Klout is starting to infiltrate more and more of our everyday transactions. In February, the enterprise-software giant Salesforce.com introduced a service that lets companies monitor the Klout scores of customers who tweet compliments and complaints; those with the highest scores will presumably get swifter, friendlier attention from customer service reps. In March, luxury shopping site Gilt Groupe began offering discounts proportional to a customer’s Klout score.

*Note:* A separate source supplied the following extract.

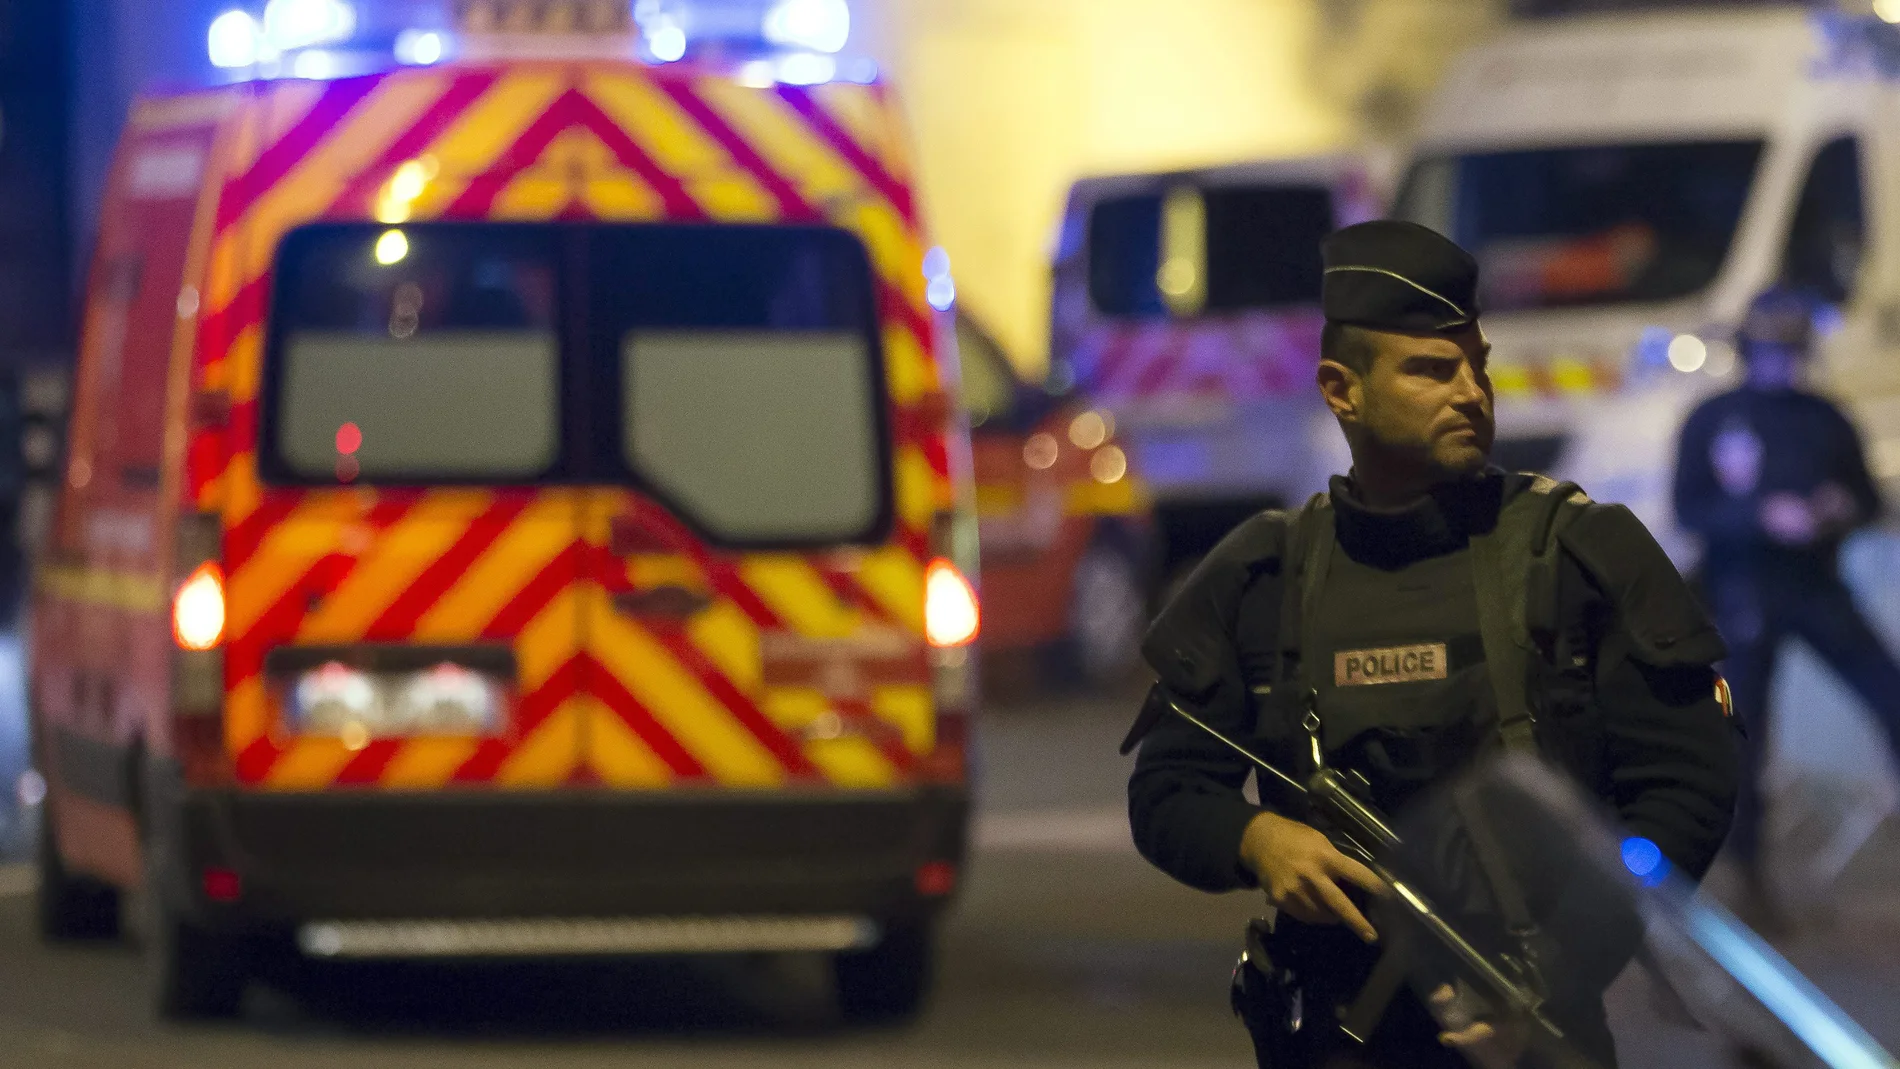 Policía haciendo guardia en Francia

I’m ok with the fact that I might not ever benefit from the perks mentioned above.  And I do not mind that Amazon and Netflix use algorithms to make predictions about what books and movies I might enjoy.  But where do people–if we have a choice–decide where the line should be drawn?  If a company or large corporation’s main objective is to make money, there is little reason to think companies won’t continue to mine and collect data, plugging it into formulas, attempting to predict and influence our behavior.  Scary stuff.  In a 2010 article for The Globe and Mail, David Woodside writes:

The algorithmic expansion may be great in scale, but is it also great for us?  Clay Shirky, who has written extensively about the impact of technology, says from his office at New York University that to a large degree authority is shifting away from “experts” to sources of information that no one is really in charge of. “The workings are hidden and, in some cases, not understandable.”

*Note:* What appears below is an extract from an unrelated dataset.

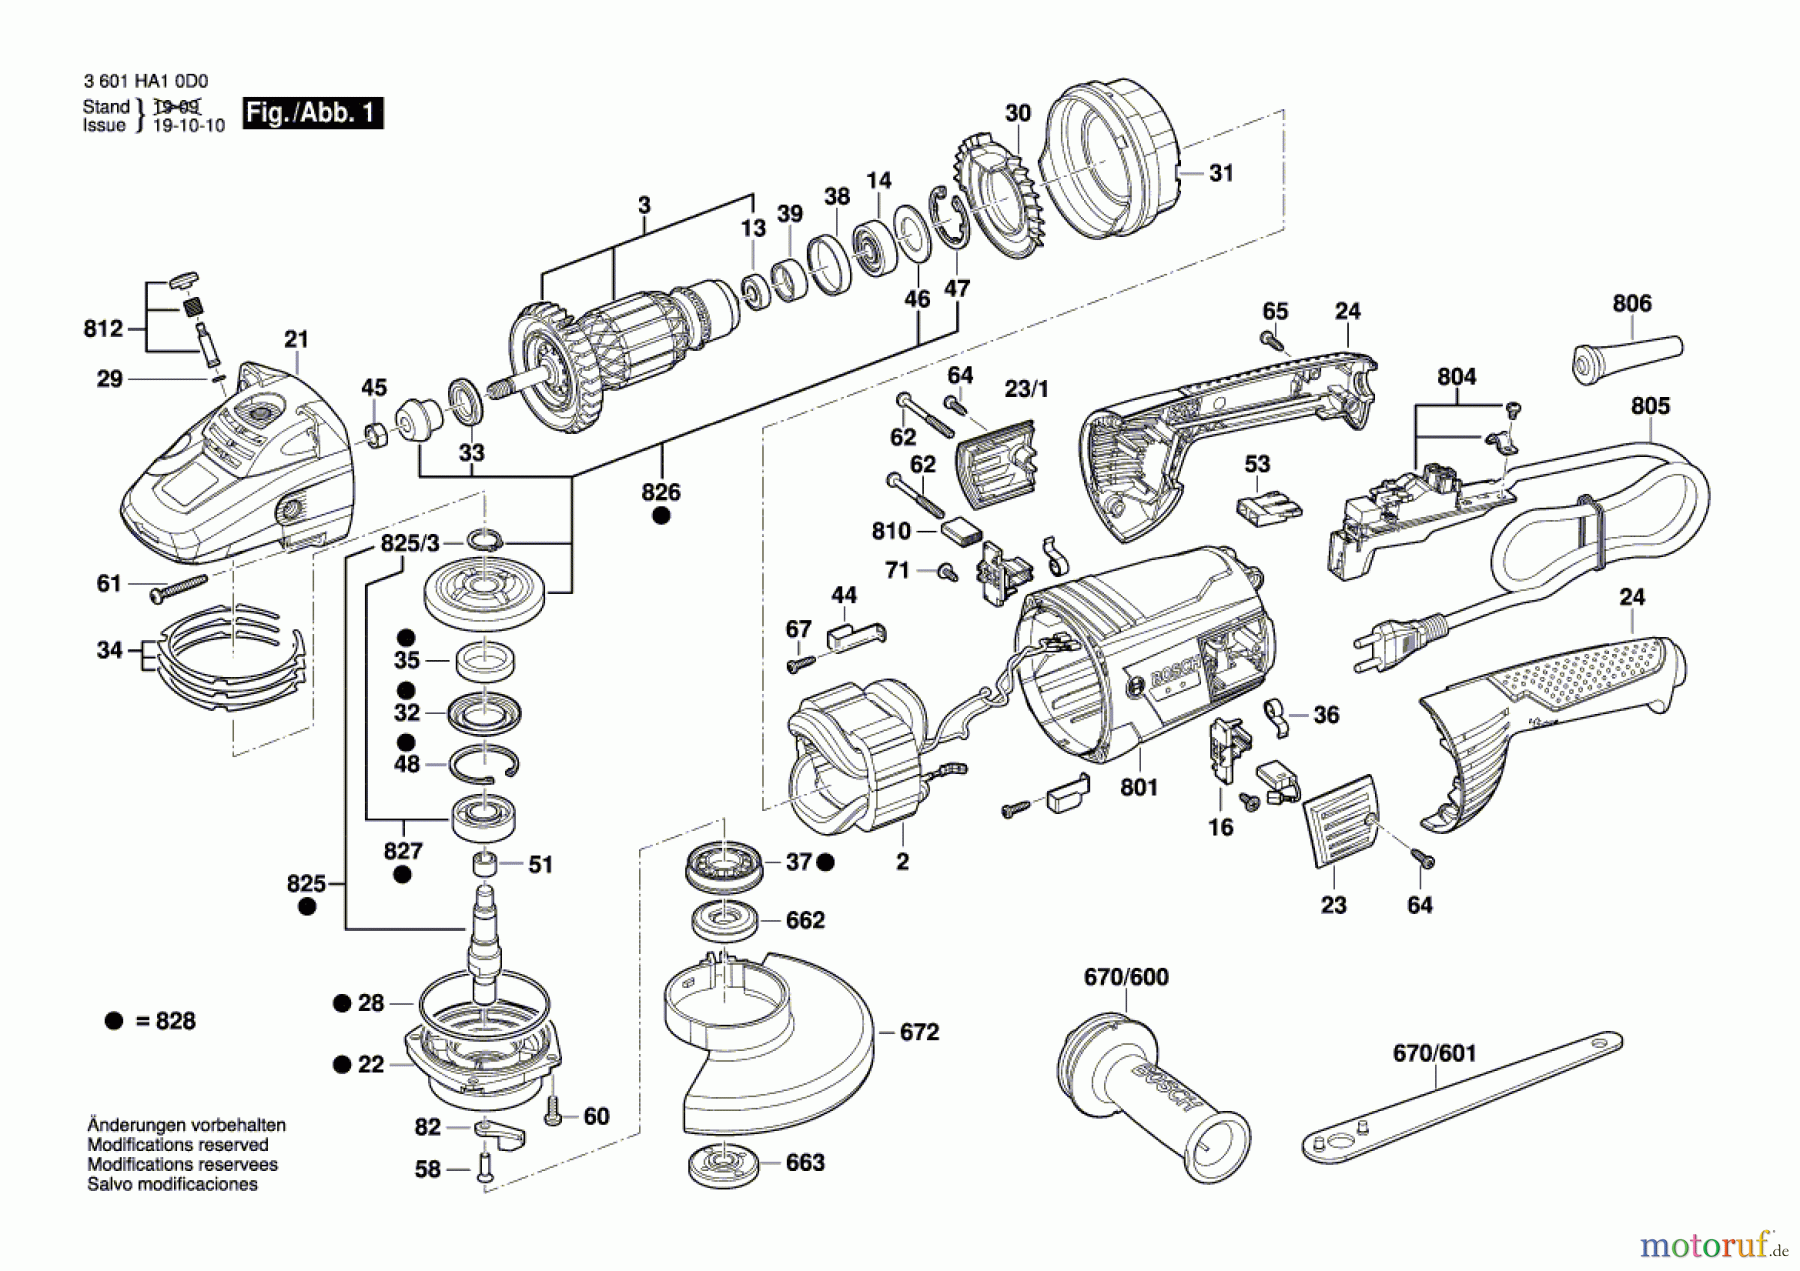  Bosch Werkzeug Winkelschleifer GWS 26-230 Seite 1

That means that the keepers of the algorithms have become figures of enormous importance. “In a society with an increasing amount of ‘algorithmic authority,’ ” Mr. Shirky argues, “understanding who manages the algorithm that society relies on, and how those algorithms are shaped and used, becomes a key question of governance – just as, in a previous age, understanding the limits of military or police power became a key part of democratic governments.”

The key issue, he says, is not whether algorithms have too much power, but whether society is able to keep them in check. “You would start worrying about a tool when it became powerful enough that the owners of that algorithm could start to shape outcomes to their own needs.”

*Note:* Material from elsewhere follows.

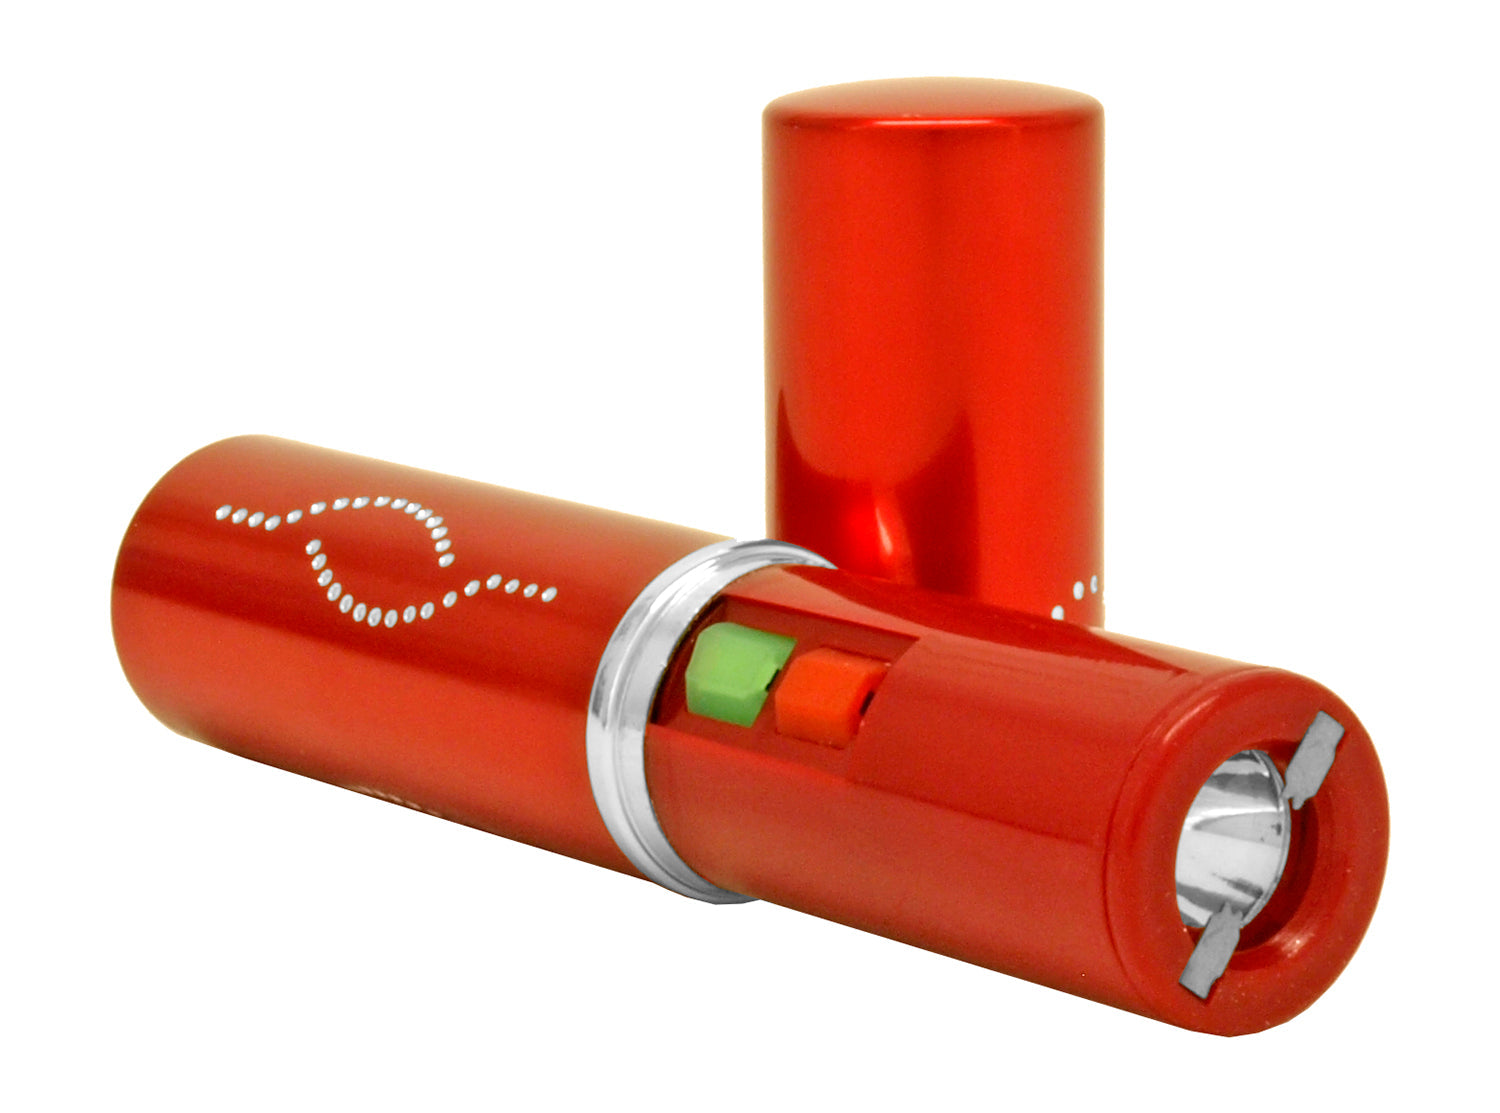 5" Red Lipstick Stungun with Flashlight - Bladevip

There is something unsettling about algorithms and data managers becoming the puppet masters behind the scenes, with us consumer marionettes unwittingly dangling from the strings of our daily lives by unfeeling formulas.

At this point, I have little Klout.   I’m not planning on checking my score any time soon, but I will try to continue to notice how modern math has infiltrated my daily life.  I wonder if there’s anything I can do about it.

8 Comments »

  1. Ooh, I love your article! First of all, I think it is very well written and researched, with a dash of humor, so kudos on that. And good for you for finding another forum for your work. I would like to figure out how to do that someday, but baby steps for now. 🙂 I think your article is very thoughtful about the lessons you have learned using technology in the classroom and that other educators can learn from the experiences you shared here. It sounds like a fantastic class full of practical lessons. It seems to me that kids leaving school without these types of skills could easily fall behind. I can only imagine the excitement in the room when you told students to take out their cell phones! Thanks for sharing. Great work!

  2. I guess now that I know about it I might have to check. Have you checked yours? Is it an ego deflator? 😉 Good call on the article. I thought about writing about that one this morning, but the drones article just knocked my socks off…

  3. Thanks Hugh! Check out my article published yesterday if you get a chance–http://www.edweek.org/tm/articles/2012/05/30/fp_barnwell.html?tkn=QNQFXf%2Bgm2Hh96lVefsGIUTQ48puVu4ZbE8h&cmp=clp-edweek

  4. Very interesting — and disturbing as you say. I would think increased awareness (as in the case of this blog) is a step toward “doing something about it. Many thanks for a fine blog.

  5. No prob! Are you curious to check out your Klout score?:) I also came across this interesting article about time-wasting and the new digital divide–could be fodder for another post. Brings up plenty of interesting questions.

  6. Interesting post. I had no idea about this. Thanks for highlighting an interesting issue. i actually wrote Klout down sometime last week with a note to figure out what it was. Thanks again for the education!